ELÇİLERİN İŞLERİ 8:26-40

ELÇİLERİN İŞLERİ 8:26-40 Kutsal Kitap Yeni Çeviri 2001, 2008 (TCL02)

Bu arada Rab'bin bir meleği Filipus'a şöyle seslendi: “Kalk, güneye doğru, Yeruşalim'den Gazze'ye inen yola, çöl yoluna git.” Filipus da kalkıp gitti. Giderken Etiyopyalı bir hadım gördü. Bu adam Etiyopya Kraliçesi Kandaki'nin vezirlerinden biriydi. Kraliçenin bütün hazinelerinden sorumluydu. Yeruşalim'e, tapınmaya gelmişti. Geri dönerken arabasında oturmuş, Peygamber Yeşaya'nın Kitabı'nı okuyordu. Ruh Filipus'a, “Git” dedi, “Şu arabaya yetiş.” Filipus koşup arabanın yanına geldi ve hadımın Peygamber Yeşaya'yı okumakta olduğunu işitti. “Acaba okuduklarını anlıyor musun?” diye sordu. Hadım, “Biri bana yol göstermedikçe nasıl anlayabilirim ki?” diyerek Filipus'un arabaya binip yanına oturmasını rica etti. Kutsal Yazılar'dan okuduğu bölüm şuydu: “Koyun gibi kesime götürüldü; Kırkıcının önünde kuzu nasıl ses çıkarmazsa, O da öylece ağzını açmadı. Aşağılandığında adalet O'ndan esirgendi. O'nun soyunu kim anacak? Çünkü yeryüzündeki yaşamına son verildi.” Hadım Filipus'a, “Lütfen açıklar mısın, peygamber kimden söz ediyor, kendisinden mi, bir başkasından mı?” diye sordu. Bunun üzerine Filipus anlatmaya koyuldu. Kutsal Yazılar'ın bu bölümünden başlayarak ona İsa'yla ilgili Müjde'yi bildirdi. Yolda giderlerken su bulunan bir yere geldiler. Hadım, “Bak, burada su var” dedi. “Vaftiz olmama ne engel var?” Sonra arabanın durmasını buyurdu. Filipus'la hadım birlikte suya girdiler ve Filipus hadımı vaftiz etti. Sudan çıktıkları zaman Rab'bin Ruhu Filipus'u hemen oradan uzaklaştırdı. Filipus'u bir daha görmeyen hadım sevinç içinde yoluna devam etti. Filipus ise kendini Aşdot Kenti'nde buldu. Sezariye'ye varıncaya dek bütün kentleri dolaşarak Müjde'yi duyurdu.
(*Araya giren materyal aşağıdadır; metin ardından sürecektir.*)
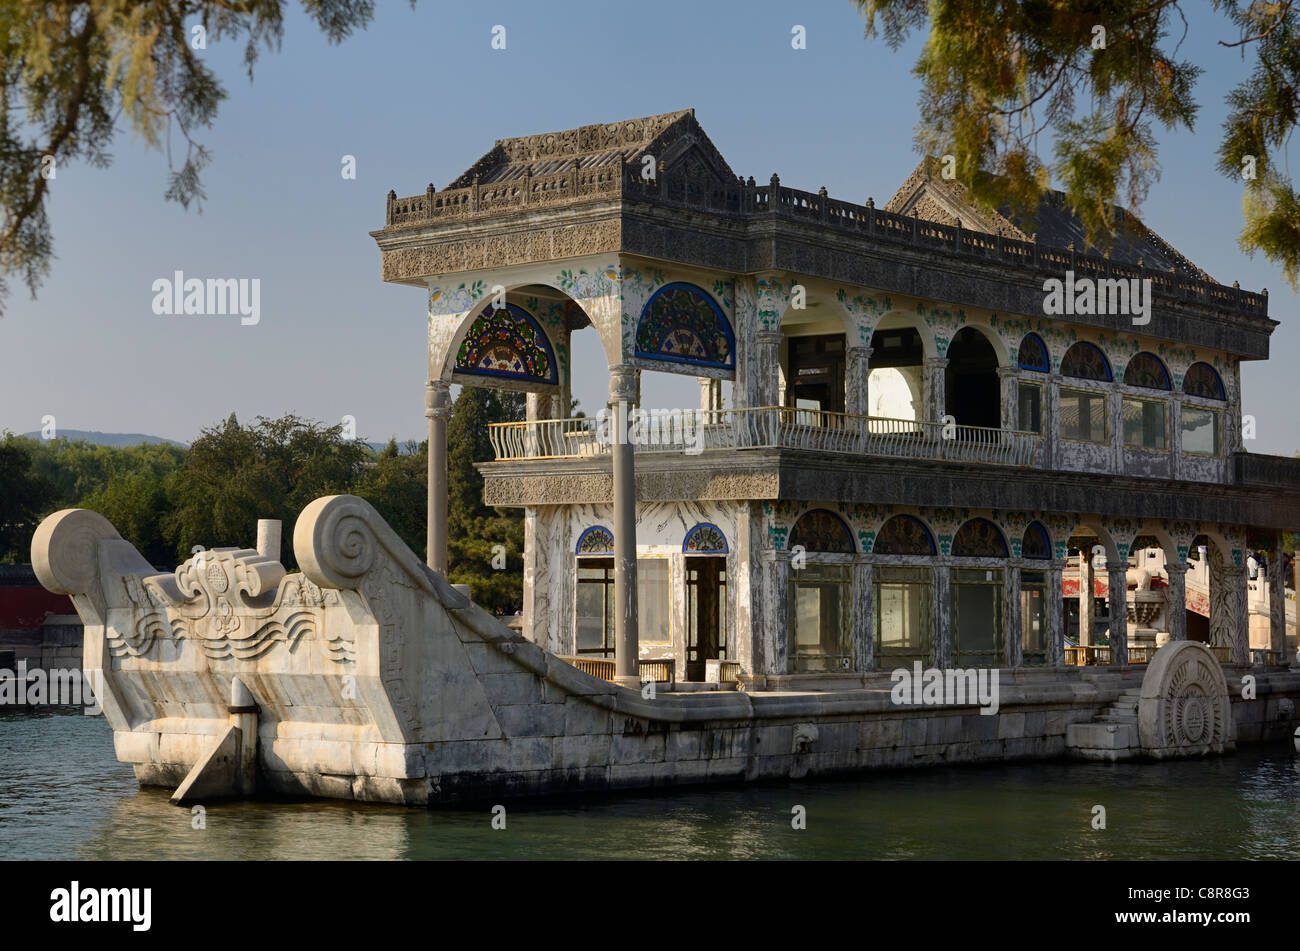 Chiara e pacifica in marmo o in barca sul lago kunming al Summer Palace beijing cina Foto Stock
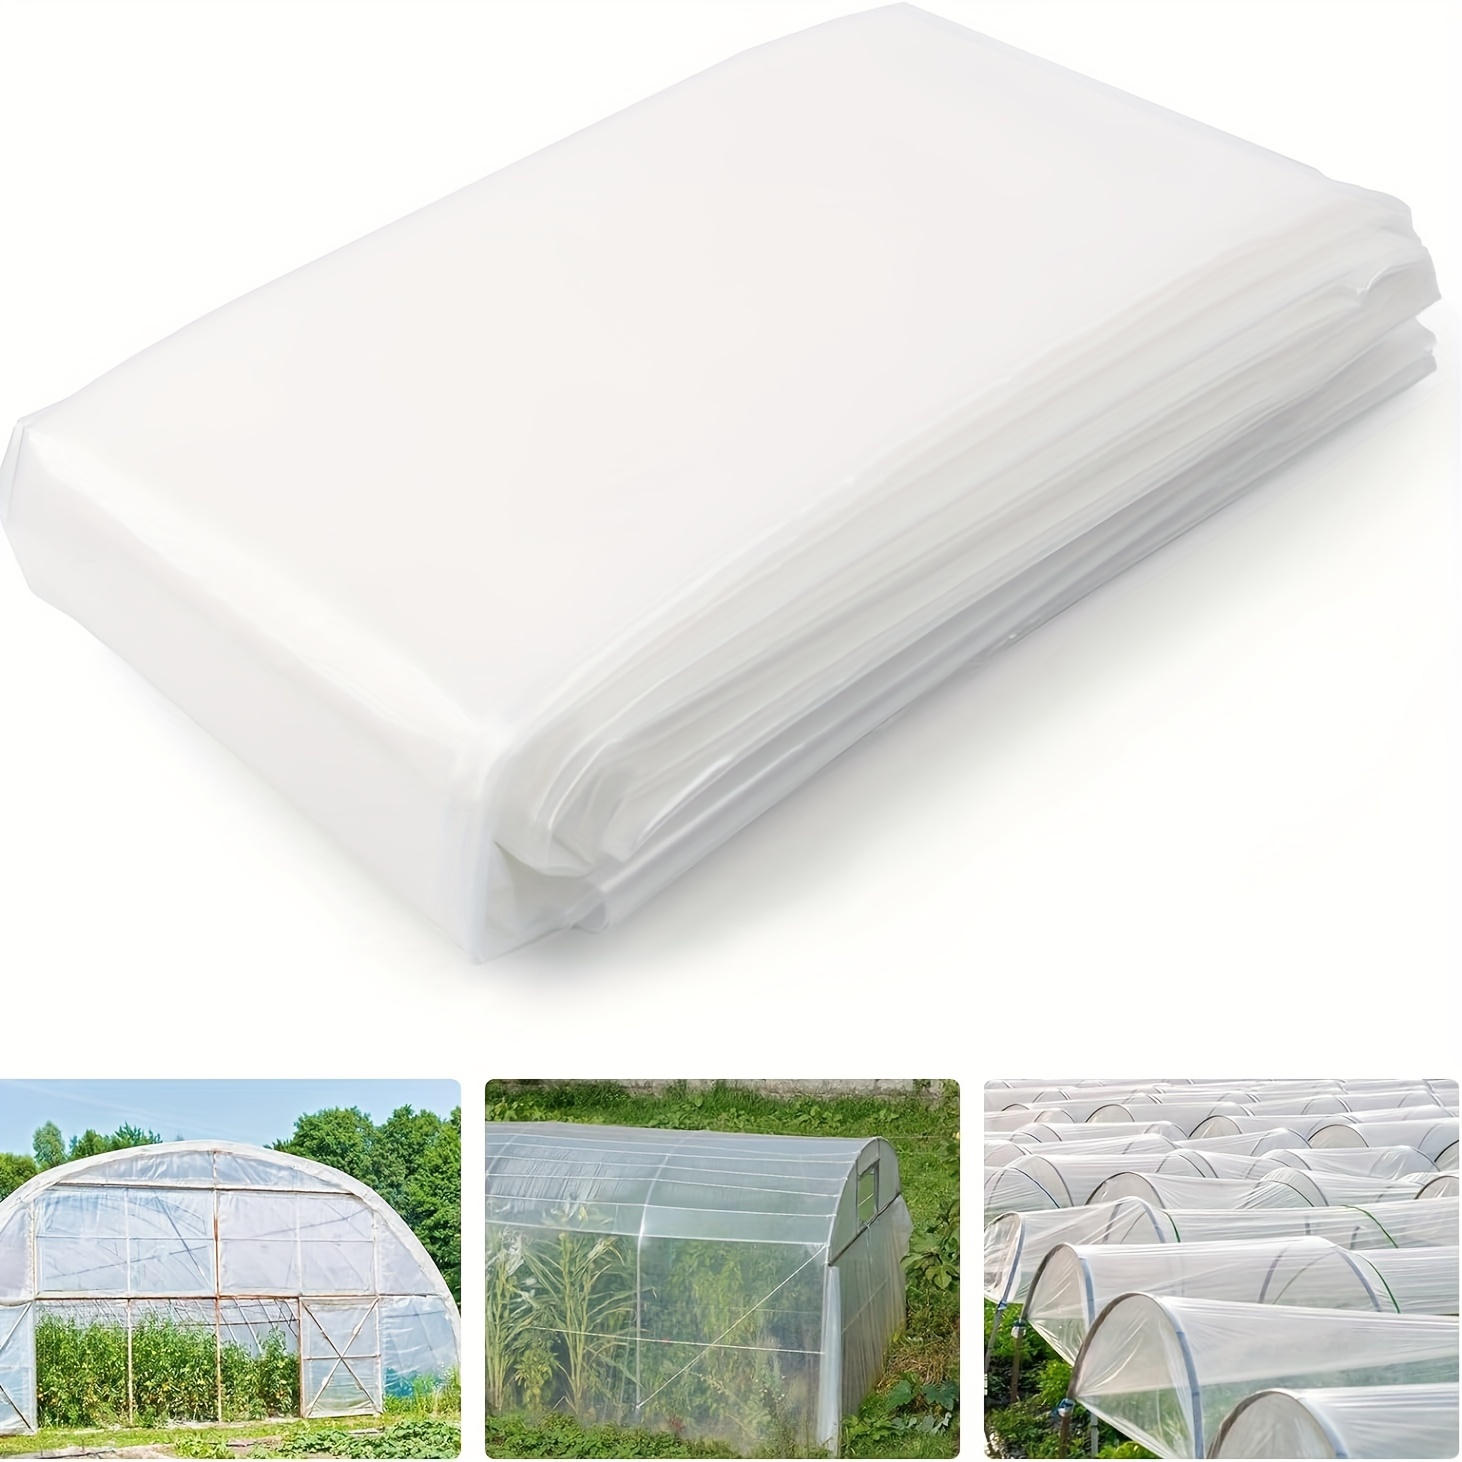 Película de polietileno para invernadero, película de plástico transparente  para invernadero, muebles de jardín de invernadero es a prueba de polvo

ELÇİLERİN İŞLERİ 8:26-40 Kutsal Kitap ve Deuterokanonik Kitaplar (KKDEU)

Rab'bin bir meleği Filipus'la konuşarak, “Kalk, güneye yönel” dedi, “Yeruşalim'den Gaza'ya giden yola git.” (Bu yol çölden geçer.) Filipus kalkıp oraya yöneldi. Giderken gözü, hadım edilmiş bir Etiyopyalı'ya ilişti. Etiyopyalılar'ın kraliçesi Kandaki'nin bir bakanı olup onun bütçesini yöneten bu kişi Yeruşalim'e tapınmaya gelmişti. Geri dönerken arabada oturmuş, Yeşaya Peygamber'in yazdıklarını okuyordu. Ruh Filipus'a, “Yaklaş, bu arabaya yetiş” diye buyruk verdi. Filipus hemen koştu, Etiyopyalı'nın Yeşaya Peygamber'den okumakta olduğunu duydu. Kendisine, “Okuduğunu anlıyor musun?” diye sordu. Etiyopyalı yanıt verdi: “Bana birisi yol göstermezse nasıl anlayabilirim?” Sonra Filipus'tan arabaya atlayıp kendisiyle birlikte oturmasını istedi. Kitaptan okumakta olduğu ayetler şunlardı: “Bir koyun gibi kesime götürüldü, Kırkıcının önünde kuzu nasıl ses çıkarmazsa O da öylece ağzını açmadı. Aşağılandığında adalet O'ndan esirgendi. O'nun soyunu kim anacak? Çünkü yeryüzündeki yaşamına son verildi.” Hadım Filipus'a sordu: “Lütfen söyle, peygamber bunları kime ilişkin söylüyor? Kendisine mi, yoksa başka birine mi?” Filipus Kutsal Yazılar'ın bu bölümünden başlayarak konuştu, İsa'ya ilişkin Sevindirici Haber'i ona müjdeledi. Yolda ilerlerken bir suya vardılar. Hadım, “İşte su” dedi, “Benim vaftiz edilmemi önleyen bir sorun var mı?” (Filipus, “Eğer bütün yüreğinle iman ediyorsan vaftiz edilebilirsin” dedi. O da, “İsa Mesih'in Tanrı'nın Oğlu olduğuna iman ediyorum” diye yanıtladı.) Sonra arabanın durması için buyruk verdi. Filipus ile hadım birlikte suya indiler; Filipus onu vaftiz etti. Sudan çıktıklarında Rab'bin Ruhu Filipus'u alıp götürdü ve hadım artık onu görmedi. Ama sevinç içinde yolunu sürdürdü. Filipus ise kendini Azotos'ta buldu ve Sezariye'ye gelinceye dek geçtiği kentlerin tümüne Sevindirici Haber'i müjdeledi.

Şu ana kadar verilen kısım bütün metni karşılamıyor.